Motherhood–My Favorite Form of Gardening

A Late Night Conversation

Several nights ago I had plans to head to bed earlier than usual in an effort to prepare for an early day of work the next morning. Those plans were interrupted, however, when my girls climbed onto my bed and began to chatter about all the things teenage girls chatter about.

We laughed and talked and cried for a couple hours before finally heading to bed, just before the stroke of midnight. The next morning I awoke to my alarm, tired, but happy; I wouldn’t change those late-into-the-night conversations for anything. 

Patience and Love

This morning I spent some time in the garden, pulling out unneccessary weeds (some weeds, like trials, are beneficial because they encourage growth), gathering the harvest, and watching for signs of new growth. Weeks ago I planted a variety of seeds and then largely forgot about them because they remained hidden below the surface of the earth.
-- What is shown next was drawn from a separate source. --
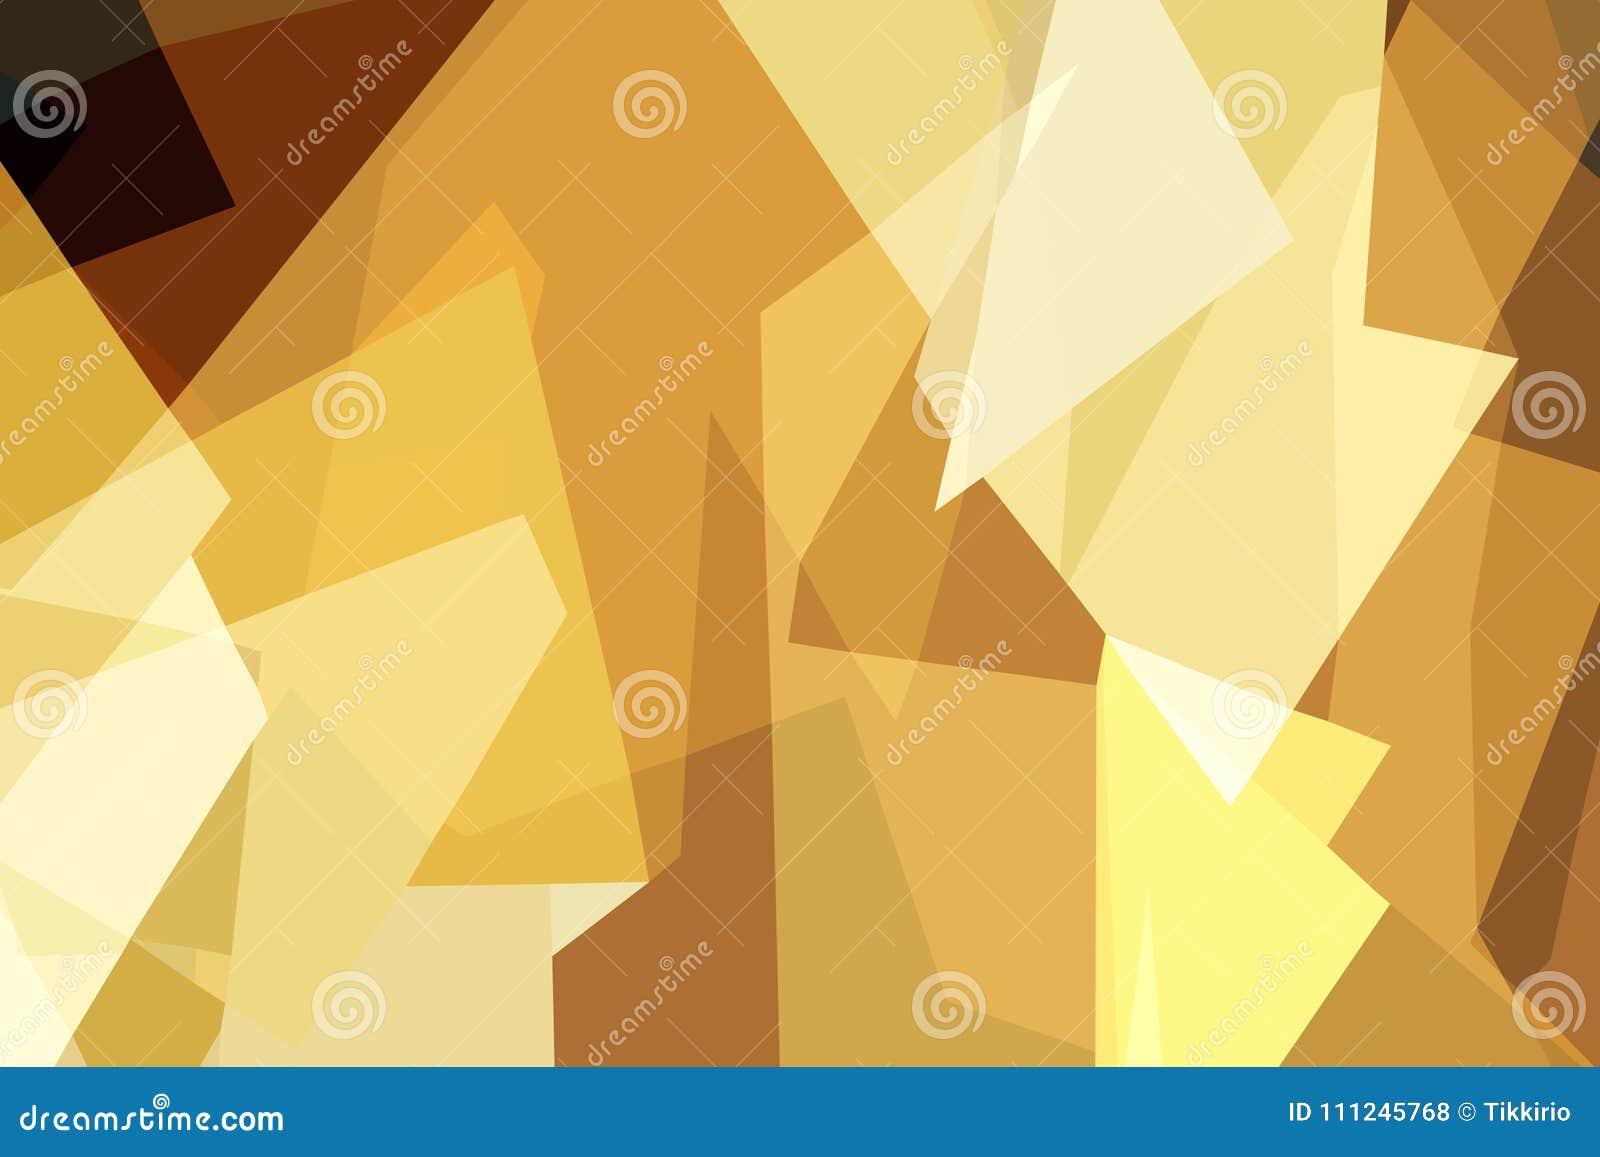 Bas Fond Colore D Abrege Sur Polygone Papier Peint Triangulaire Vif
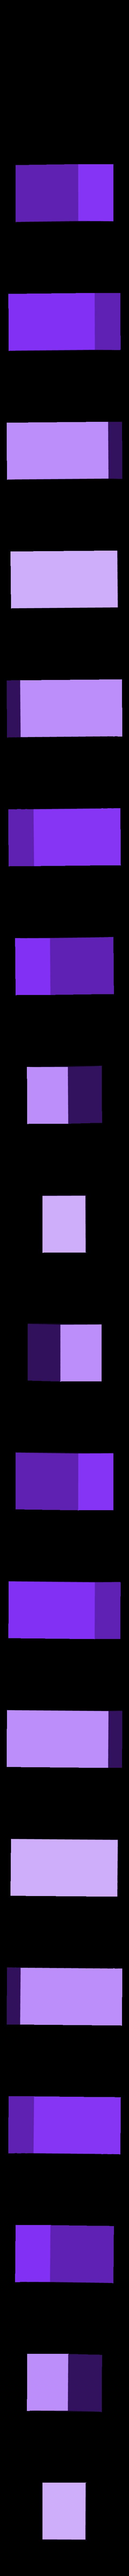 peg_for_addons.stl Télécharger fichier STL gratuit Ornement Mix and Match • Design imprimable en 3D, Girthnath

Today, I discovered a few green sprouts had finally pushed through the rich composted soil in search of more sunlight. Gardening requires patience and love.

Over by the grapevine I was surprised to see a half dozen tomato plants growing, their seeds having been carried by the wind (or birds, or water) to a different section of the garden, in a pattern of creation that can last for generations—seed turning to fruit, fruit turning to seed.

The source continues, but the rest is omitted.